I will use logistic regression to make the classifications because it will be extremely insightful to discover what make songs classified as novice easy to play, and what makes songs classified advanced, hard to play. These results could be used for teaching applications in further studies.

The Recommendation Engine

From the user-song-plays dataset I will create a sparse matrix using SciPy's in-built functions. From this I will use latent semantic analysis to quickly perform cosine similarity using singular value decomposition (SVD). The dataset contains over 200,000 unique users and 300,000 unique songs, so SVD will create 2 matrices with one dimension that is highly reduced. For example if we use SVD and reduce to rank 50, we end up with 2 matrices that are around 200,000 x 50, and 50 x 300,000, their matrix multiplication is approximately equal to the original matrix. The point is that now any cosine similarity we want to perform we do on one of these smaller matrices, and since matrix multiplication has over n2 order of complexity using the Coppersmith-Winograd algorith, which is pretty much as good as it gets, any reduction in size is highly beneficial.

Jeremy Kum has a great explanation on the subject here that I will not try to outdo, for those that want a more in-depth understanding. Implementation in Python was aided by Ben Frederickson's great blog post.

Along with SVD I also wanted to try implicit matrix factorization (MF), that Chris Johnson has this paper, and credit to Ethan Rosenthal for pointing to me to the implementation.

I use cosine song-song similarity to detemnine which songs are closest to the songs in the listening history of each user, rank them according to the similarity and recommend the top k-songs.

In order to determine that I have not just got a random song generator I validate the model by performing miss-one-out for each user and trying to predict the missing song. I use the mean-average-precision (MAP) for k=100 top-ranked songs (MAP@100) on 10,000 users. For a frame of reference if the MAP@100 is equal to 1, then the algorithm always recommends the correct song at the top of the list, if the MAP@100 is zero then the algorithm never recommends any songs in the list of 100 of the top-ranked songs, that matches the missing song. Alternatively, if the MAP@100 is 0.01 the target missing song is, on average, ranked around 100 on the list of songs suggested for each user.

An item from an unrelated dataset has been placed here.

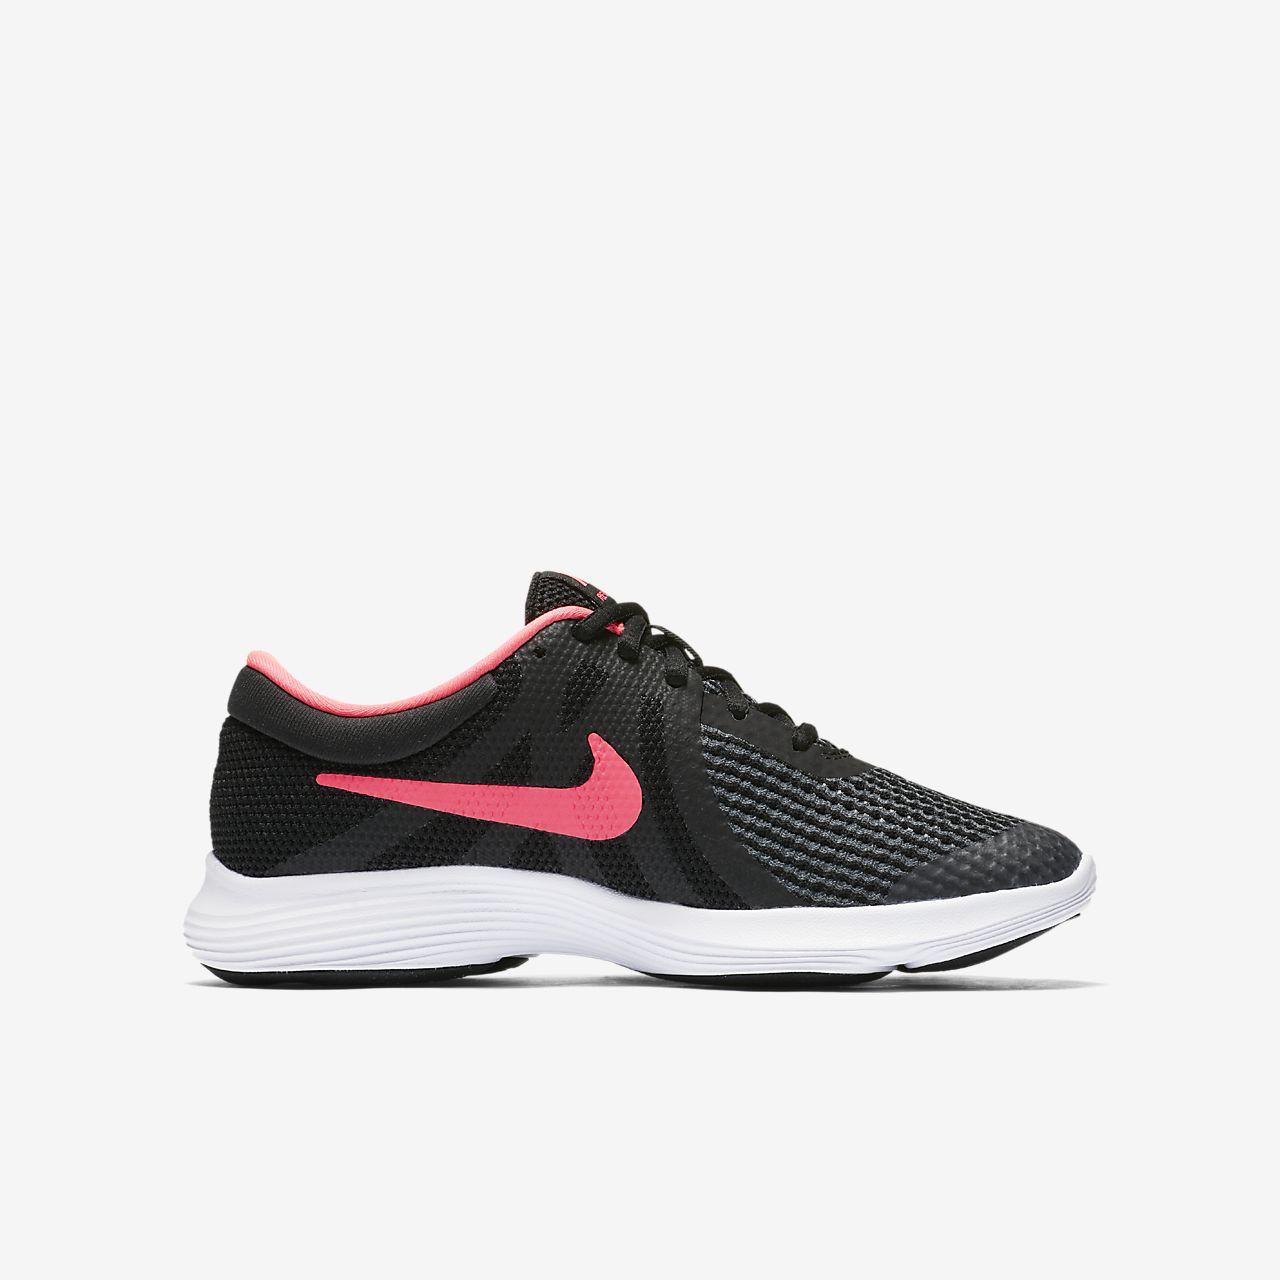 faf0181cce723 Nike Revolution 4 Older Kids  Running Shoe. Nike.com AU

The results comparing SVD of 3 different ranks with ranks, implicit matrix factorization and a random song picker to verify that my algorithms were not simply picking random songs. The reults of MAP@100 are shown below:

The MAP@100 for random song picker was = 1.7424e-6 for 10,000 users, so my algorithms bested the random song picker by 4 orders of magnitude . It is also worth noting that for every increase in the SVD rank size by factor 2, i.e. 25 → 50, the time complexity increases by more than a factor of 2 due to all the matrix multiplications, so some trade-off is required.

The Most General Song

As an .interesting thought experiment I decided to fit the huge matrix of songs and users by decomposing using SVD with a rank of 1. This will essentially give me the most general song, that minimizes cosine similiarity with all other songs.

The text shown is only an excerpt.